AVAILABLE DATA:
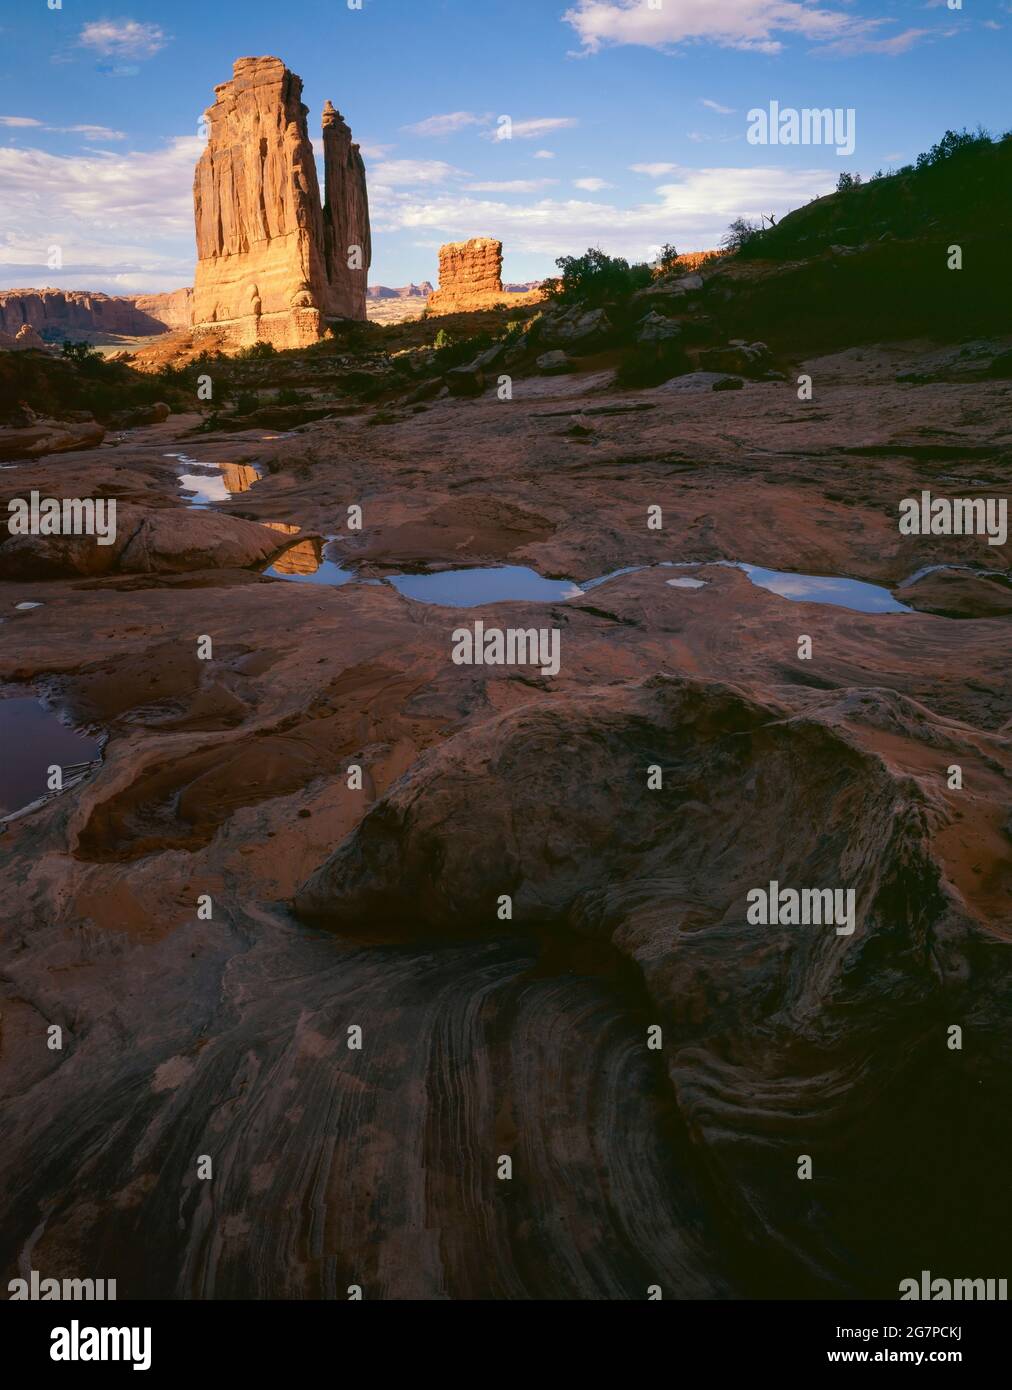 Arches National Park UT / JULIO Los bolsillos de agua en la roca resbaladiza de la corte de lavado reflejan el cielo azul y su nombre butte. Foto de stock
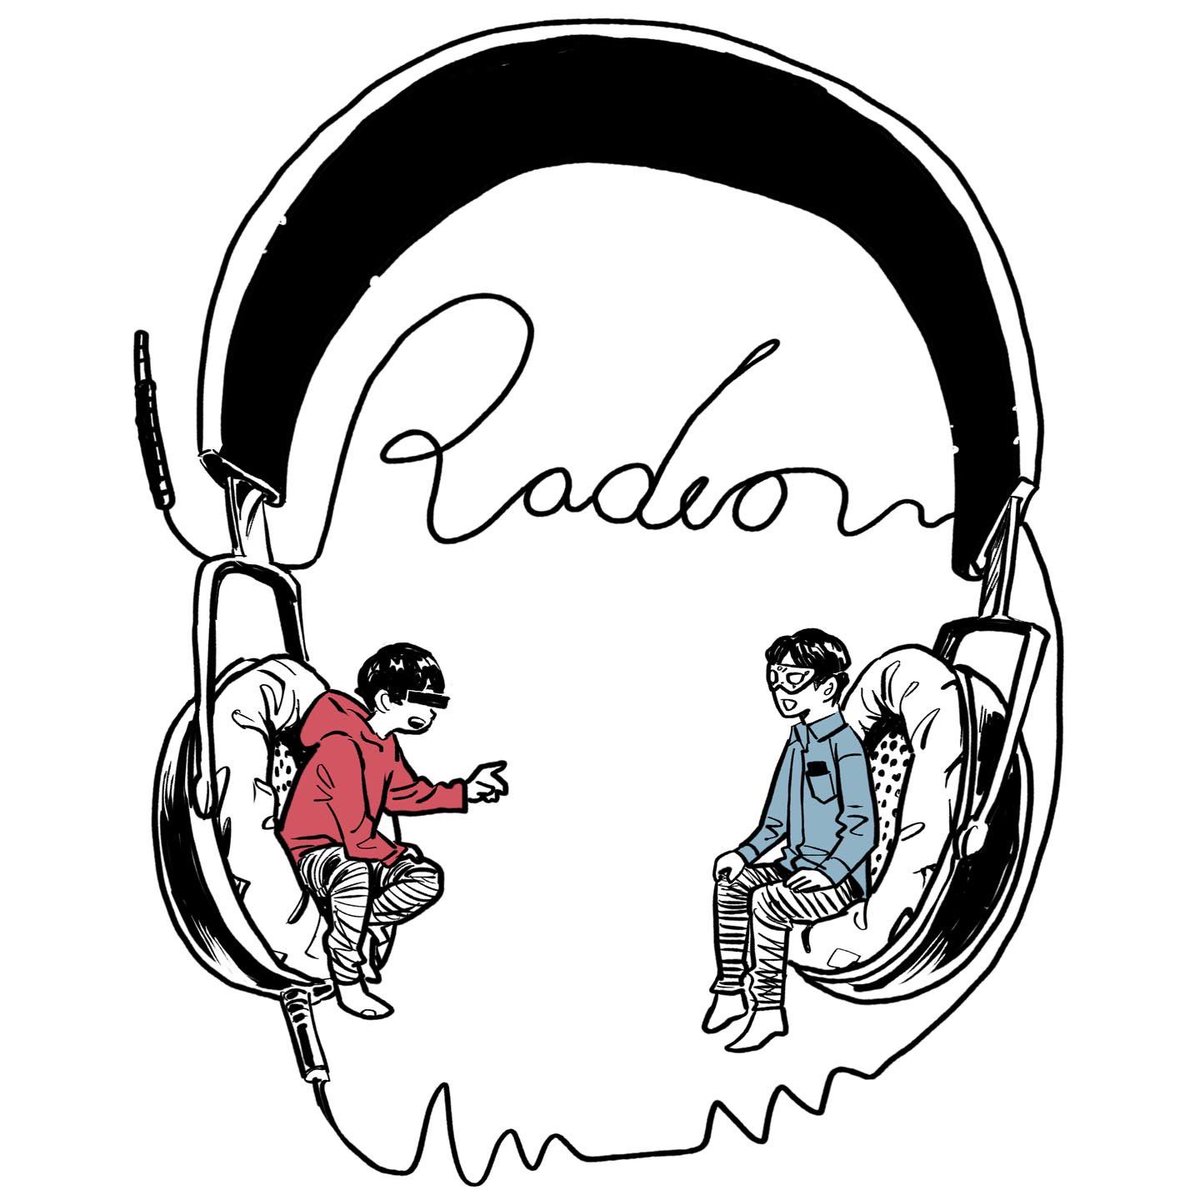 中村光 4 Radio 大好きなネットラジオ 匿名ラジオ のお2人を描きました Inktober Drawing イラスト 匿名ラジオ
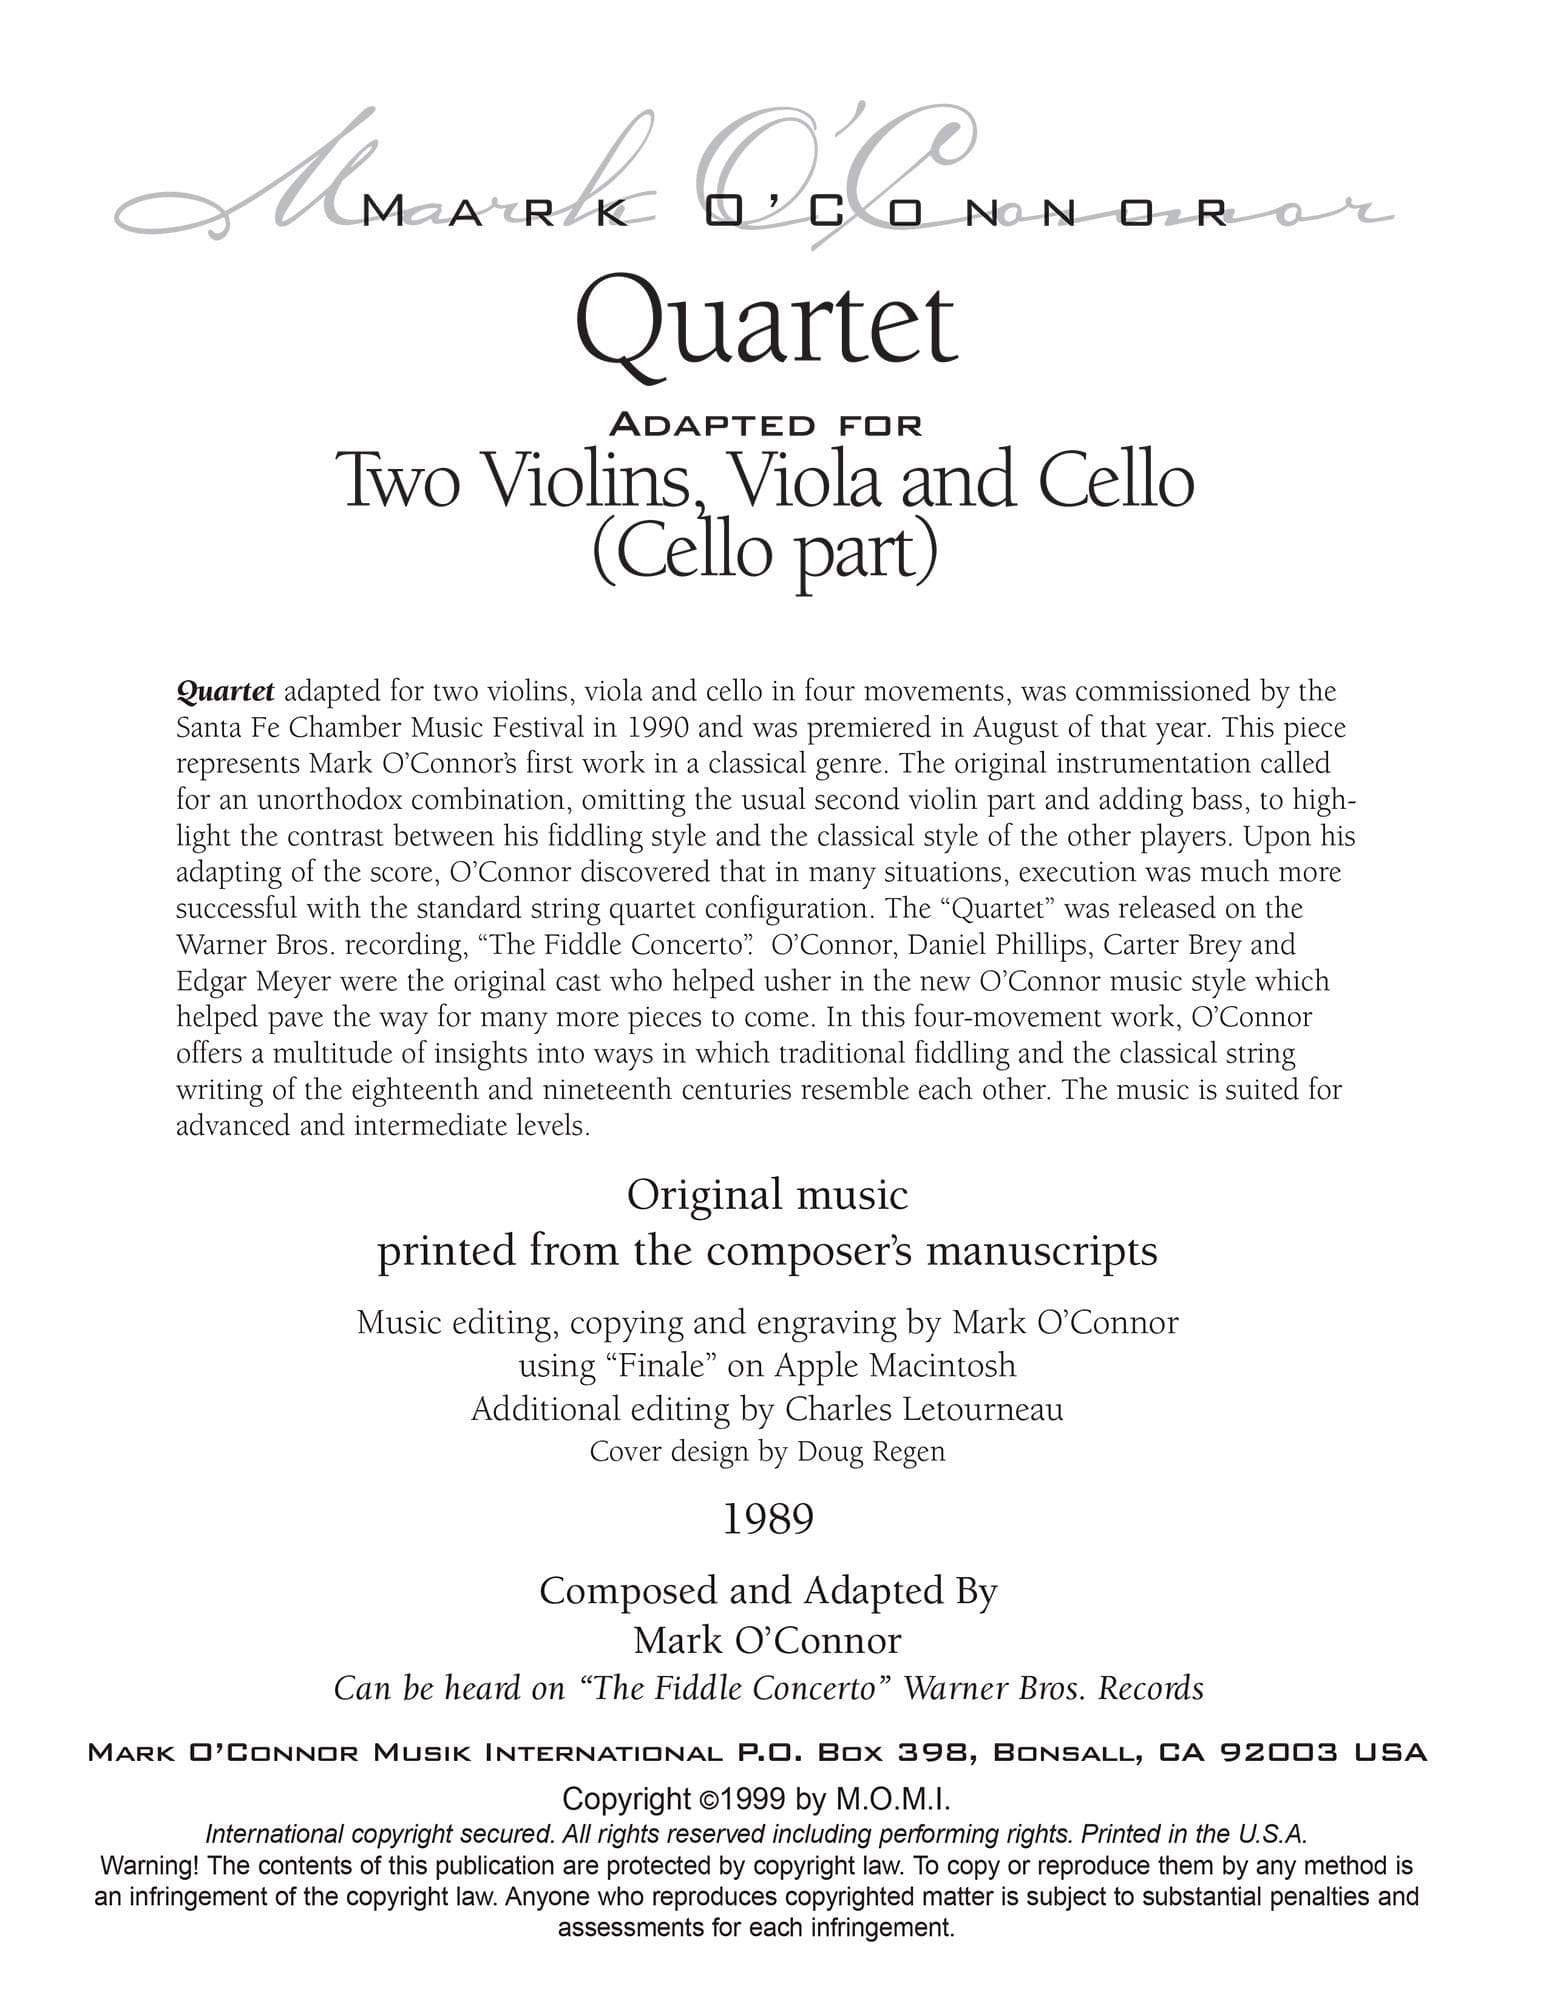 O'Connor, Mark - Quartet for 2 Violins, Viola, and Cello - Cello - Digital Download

TASK STATEMENT: Beginning with the line that contains "中村光 4 Radio" and ending with the last line of the data above, output those lines exactly and nothing more, without any pictures.

FINISHED EXERCISE:
 中村光 4 Radio 大好きなネットラジオ 匿名ラジオ のお2人を描きました Inktober Drawing イラスト 匿名ラジオ
 O'Connor, Mark - Quartet for 2 Violins, Viola, and Cello - Cello - Digital Download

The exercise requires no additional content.